## WHAT IS NEEDED
Copy the listing verbatim, excluding any images found in it.

## STORED DATA
════════
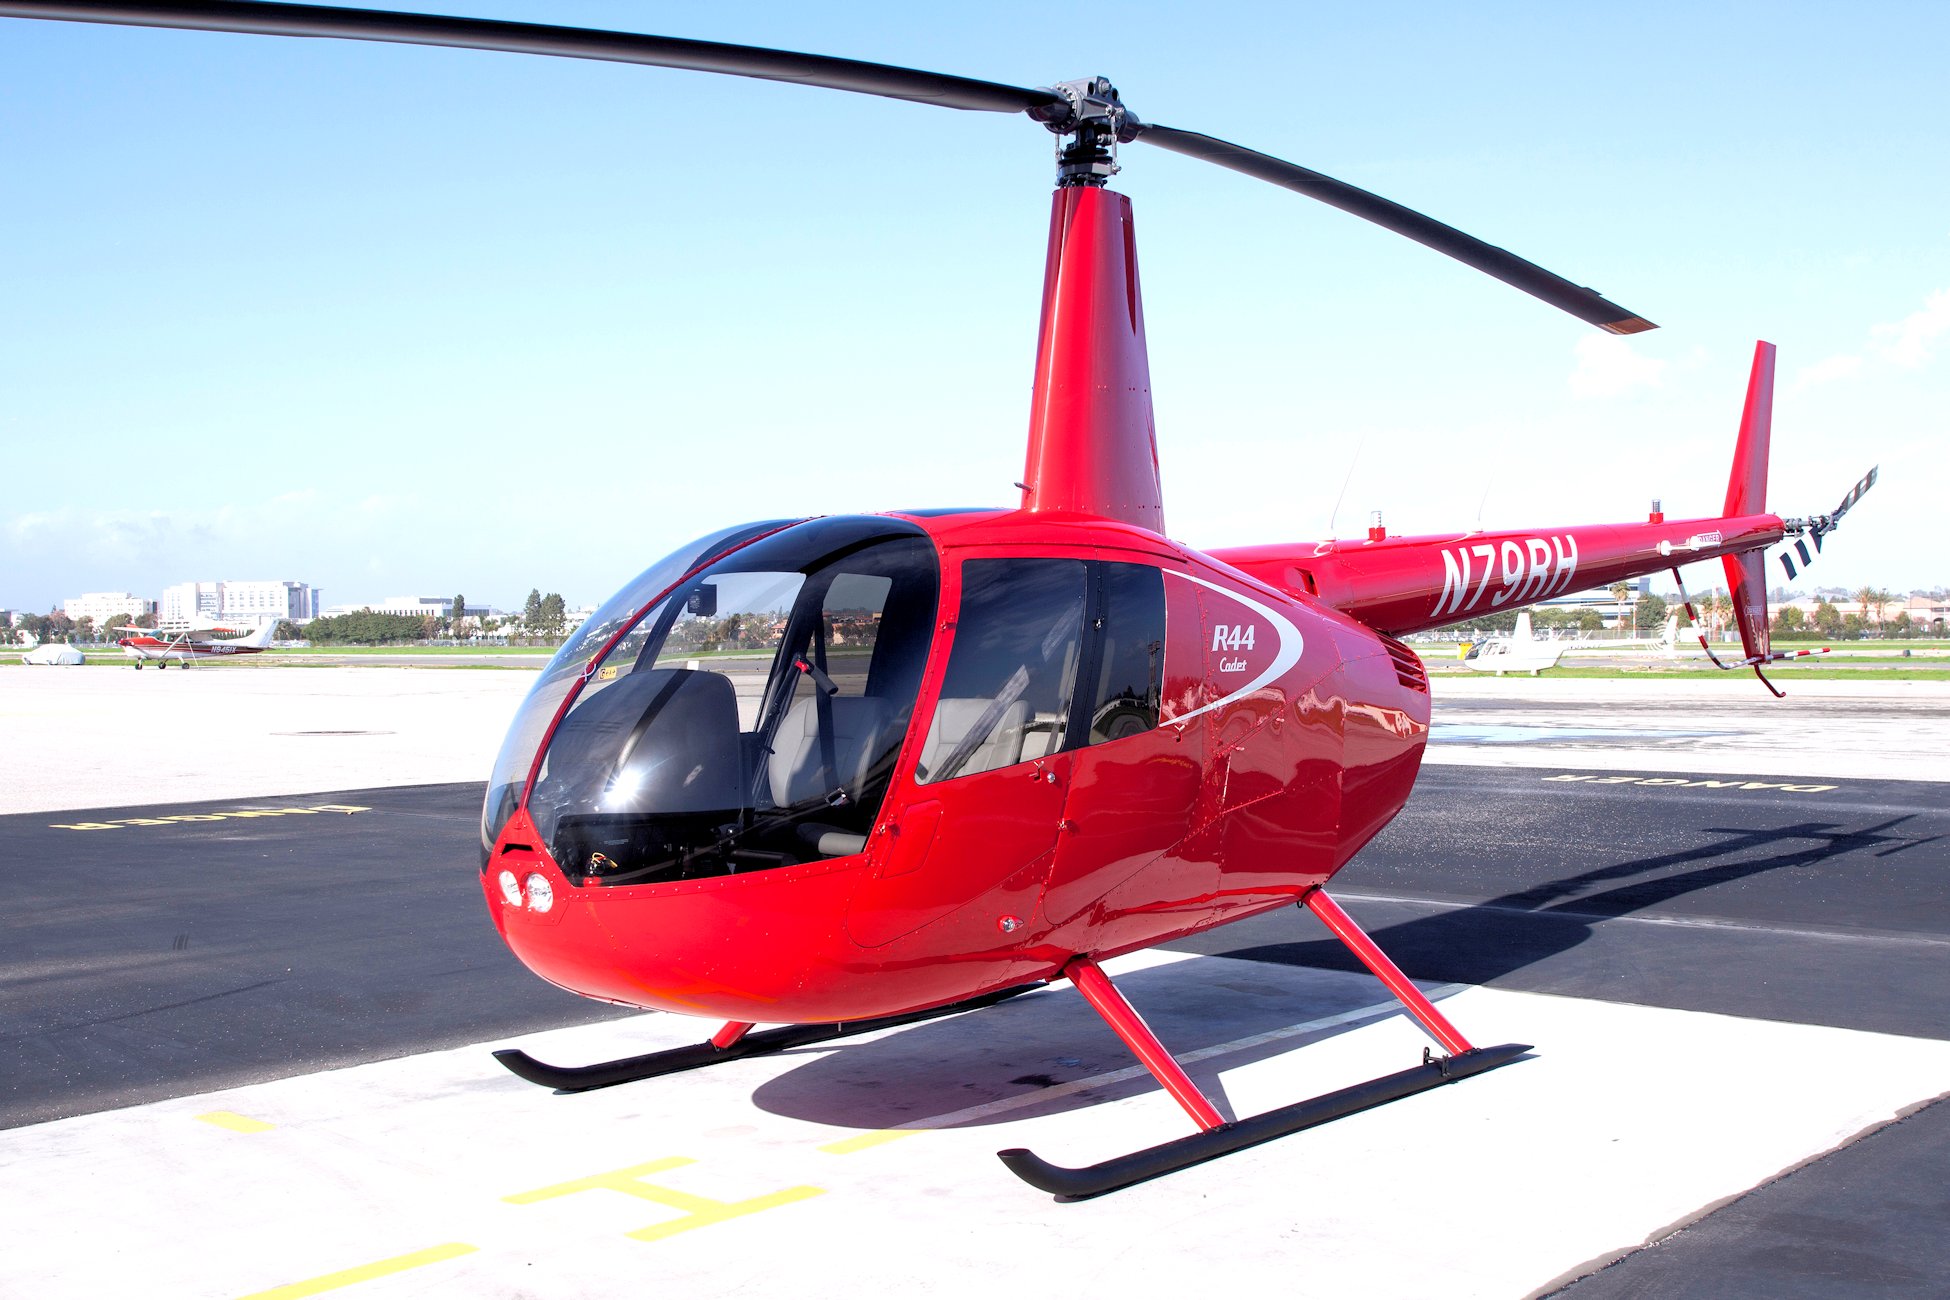 Robinson R44 Cadet Buy A New R44 Cadet With Heli Air
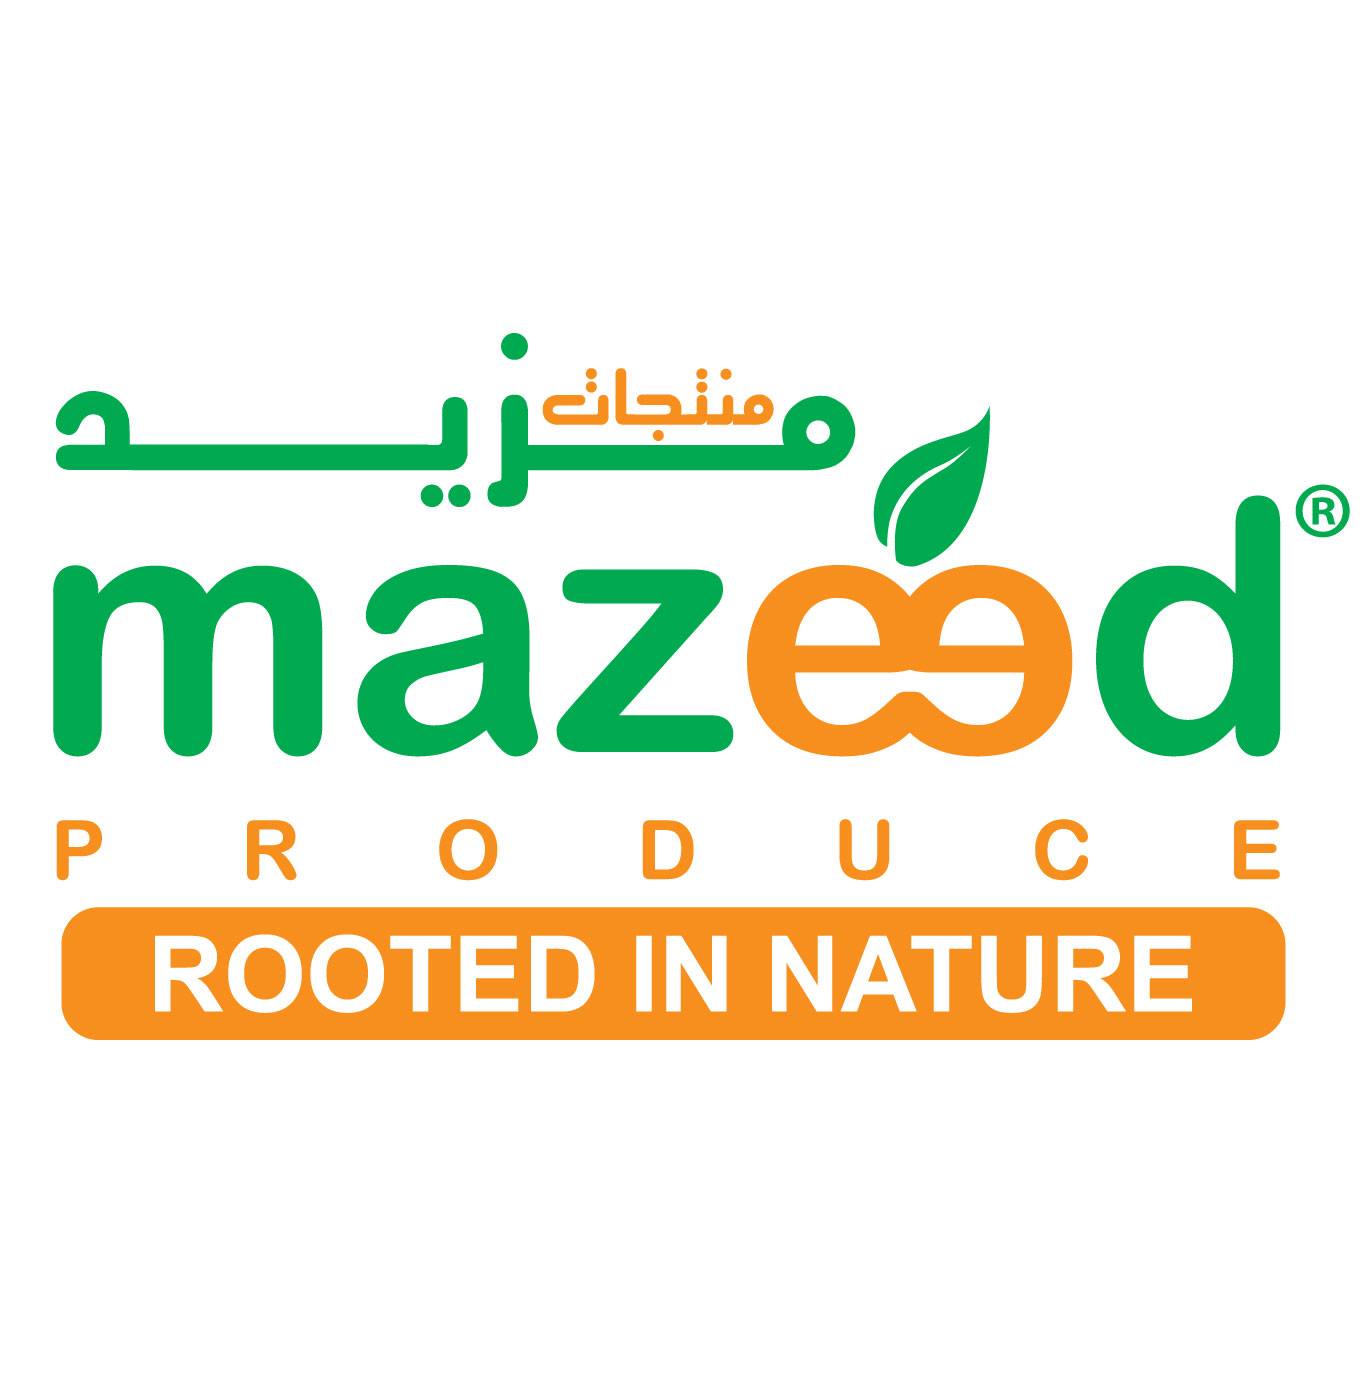 Mazeed
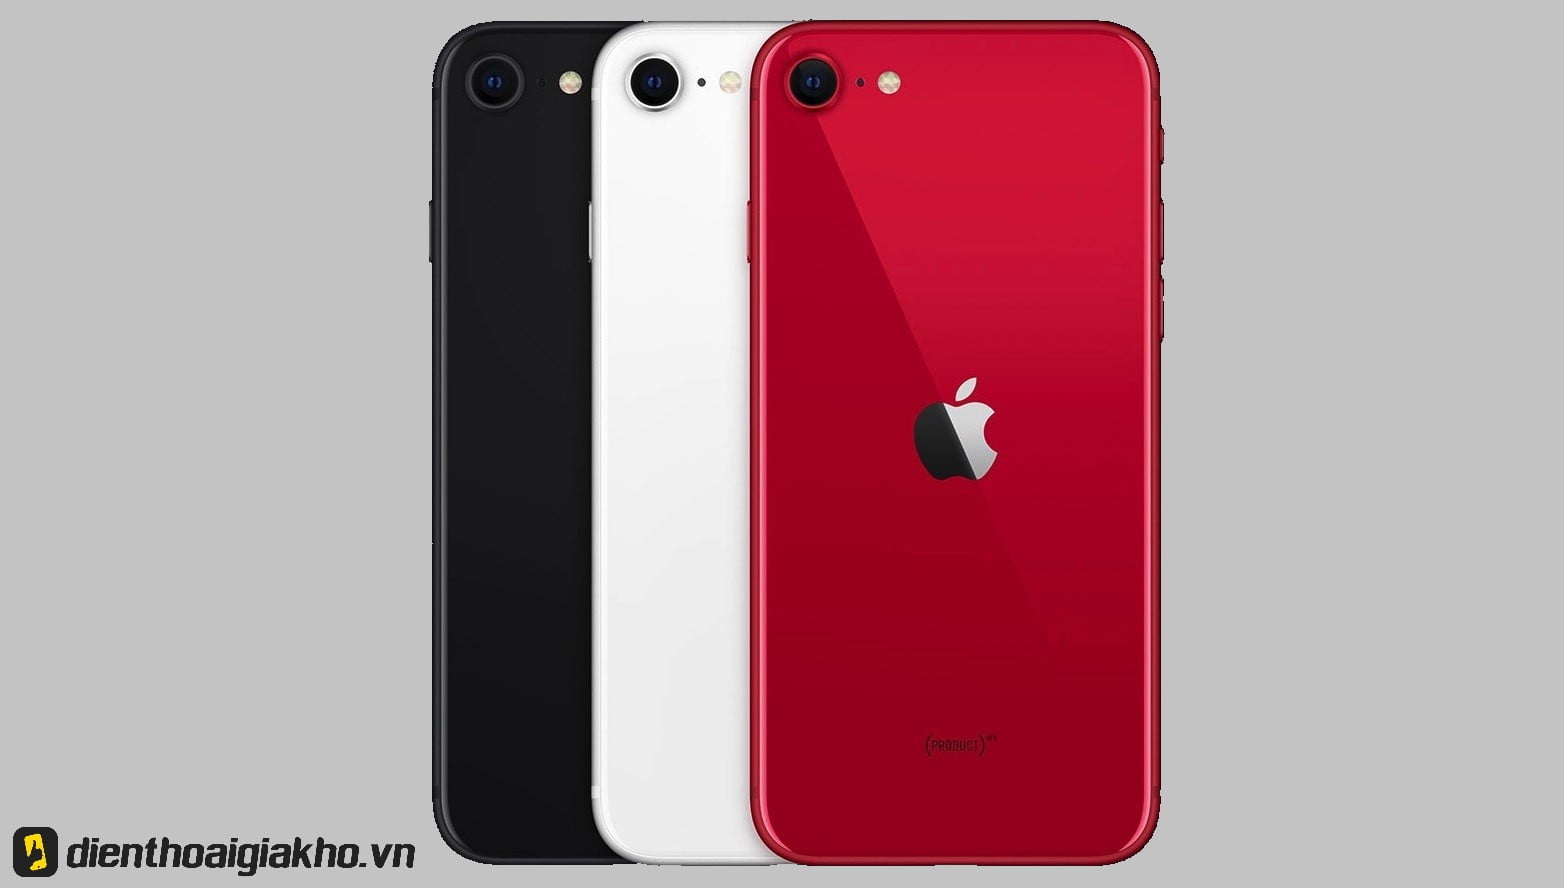 iPhone SE 2020 ra mắt với 3 màu gồm: Đỏ, Đen và Trắng khác với iPhone 8 (Đen, Trắng, Hồng).
════════
## RESULT OF THE EXERCISE
 Robinson R44 Cadet Buy A New R44 Cadet With Heli Air
 Mazeed
 iPhone SE 2020 ra mắt với 3 màu gồm: Đỏ, Đen và Trắng khác với iPhone 8 (Đen, Trắng, Hồng).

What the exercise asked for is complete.